Is an echocardiogram safe for my baby?

Yes, an echocardiogram is completely safe and painless for babies. Unlike X-rays, which use small amounts of radiation, an echocardiogram uses sound waves (similar to the ultrasound used during pregnancy) to create images of the heart. These sound waves are harmless and have been used safely for decades. The test simply involves placing a small device on the baby’s chest while they lie still, and it typically takes 30-60 minutes to complete. There are no needles, no sedation required for routine echocardiograms, and no aftereffects. Your baby can eat, sleep, and behave normally before and after the test.[8]

Can PDA be detected before a baby is born?

Patent ductus arteriosus typically cannot be detected before birth because the ductus arteriosus is supposed to be open during fetal development – it’s a normal and essential part of circulation before birth. The ductus only becomes abnormal if it fails to close after the baby is born and begins breathing on their own. Prenatal ultrasounds can detect many types of heart defects in unborn babies, but since the open ductus arteriosus is normal before birth, PDA can only be diagnosed in the days, weeks, or months after delivery when the vessel should have closed but hasn’t.[3]

Why do premature babies get PDA more often than full-term babies?

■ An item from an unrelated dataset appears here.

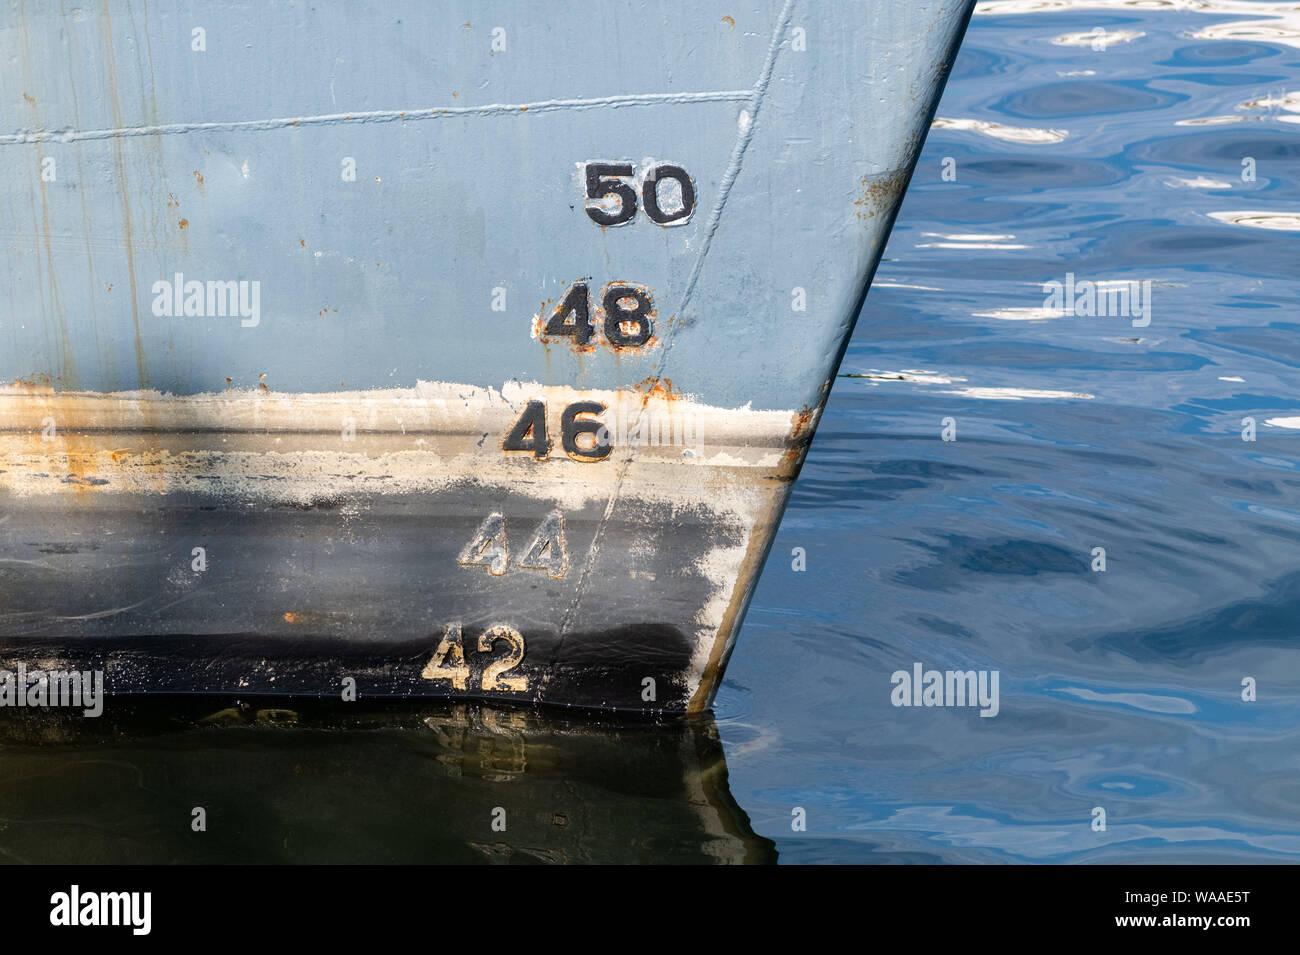 Old Ship progetto sulla carena, scala la numerazione. La distanza tra la linea di galleggiamento e il fondo della chiglia. Foto Stock

The ductus arteriosus normally closes due to several physiological changes that occur after birth, including increased oxygen levels in the blood and decreased levels of certain hormones called prostaglandins. In premature babies, the mechanisms that trigger ductal closure are immature and may not work as effectively. Additionally, premature babies often have breathing problems that keep oxygen levels lower than they should be, and this low oxygen can prevent the ductus from closing properly. The earlier a baby is born, the more immature these closure mechanisms are, which explains why PDA occurs in 90% of babies born before 24 weeks but only 10% of babies born between 30 and 37 weeks.[4]

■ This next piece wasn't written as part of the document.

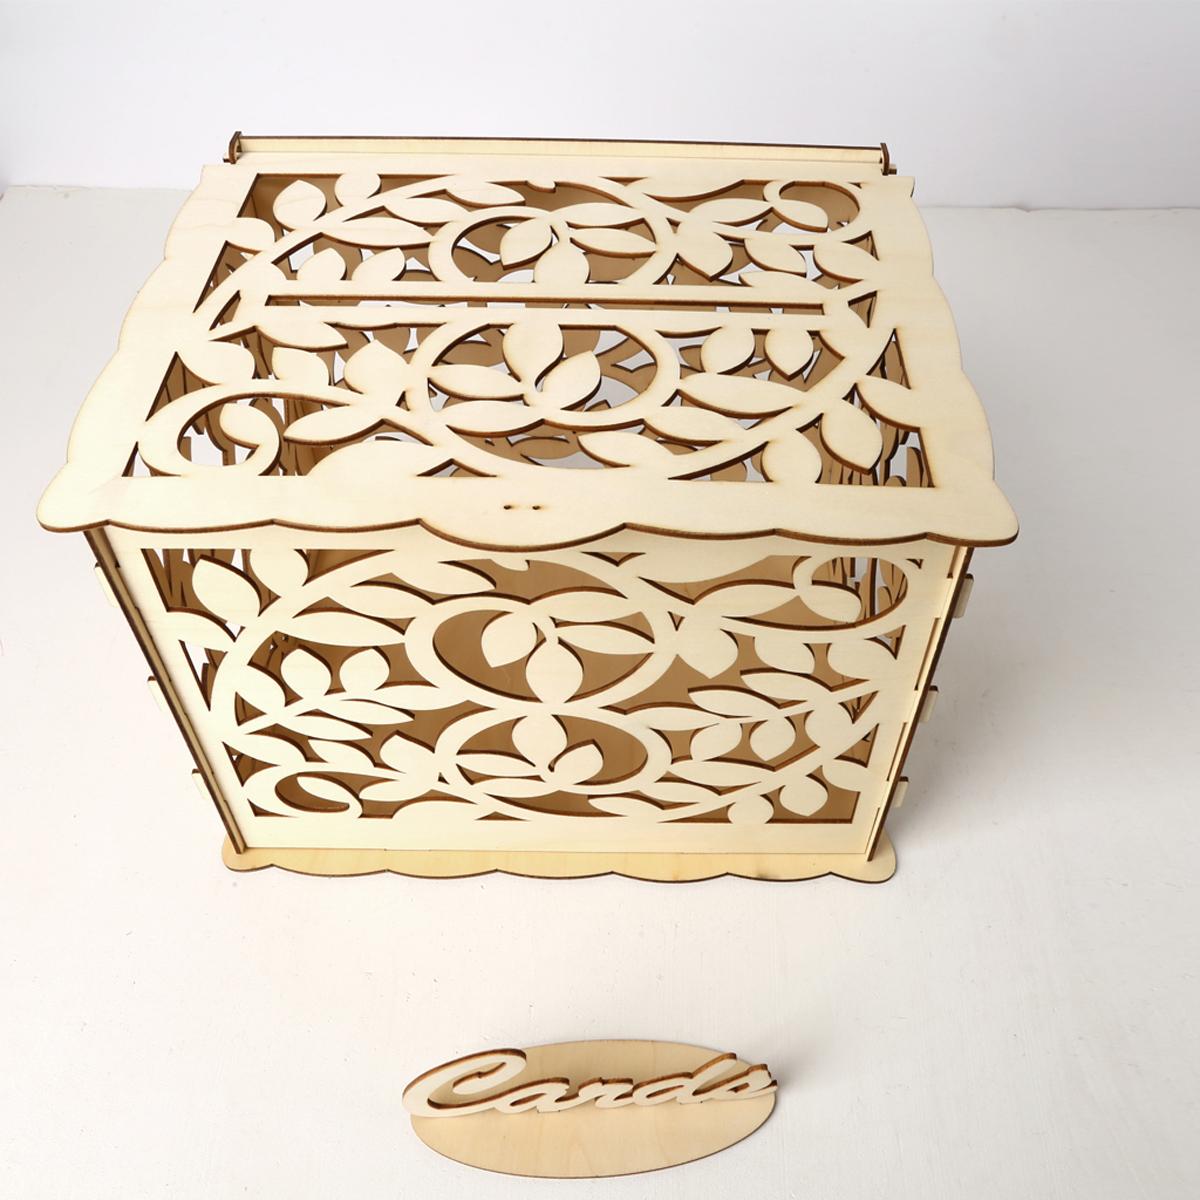 Wedding Gift Card Box Diy: Wedding Card Box With Lock Diy Money Wooden Gift Leaf

If my baby has no symptoms, why does the PDA still need to be diagnosed and monitored?

Even when a baby shows no obvious symptoms, it’s important to diagnose and monitor PDA for several reasons. First, a patent ductus arteriosus creates an abnormal pathway that could allow bacteria to lodge in the heart, potentially causing a serious infection called bacterial endocarditis. Second, over time, even a small PDA can gradually damage the blood vessels in the lungs, eventually leading to pulmonary hypertension that may become irreversible. Third, symptoms may develop later, especially as a child becomes more active and the heart’s workload increases. By monitoring an asymptomatic PDA with regular checkups and echocardiograms, doctors can detect any changes early and intervene before complications develop. Many small PDAs close on their own during the first year of life, so the monitoring period also allows doctors to see if natural closure occurs, potentially avoiding the need for treatment.[1]

🎯 Key Takeaways

  • A heart murmur detected during routine checkups often provides the first clue that a baby might have patent ductus arteriosus, even before any symptoms appear.
  • Echocardiography is the gold standard for diagnosing PDA, allowing doctors to see the blood flow through the abnormal opening and measure its size without any discomfort to the baby.
  • The earlier a baby is born, the higher the chance of having PDA – up to 90% of babies born before 24 weeks have this condition.
  • Not all babies with PDA show obvious symptoms; small openings may only be detected through careful physical examination and diagnostic testing.
  • Multiple diagnostic tools work together to create a complete picture: physical examination reveals the murmur, echocardiogram shows the actual defect, chest X-rays reveal heart enlargement, and electrocardiograms detect strain on the heart.
  • Cardiac catheterization isn’t usually needed just to diagnose PDA, but it may be performed when other heart problems are suspected or when the procedure will also be used to close the PDA.
  • With appropriate treatment, most children with PDA go on to live completely normal, healthy lives with excellent long-term outcomes.
  • Clinical trials require more extensive and standardized diagnostic testing than routine care, but the fundamental tests remain the same – echocardiogram, physical exam, chest X-ray, and electrocardiogram.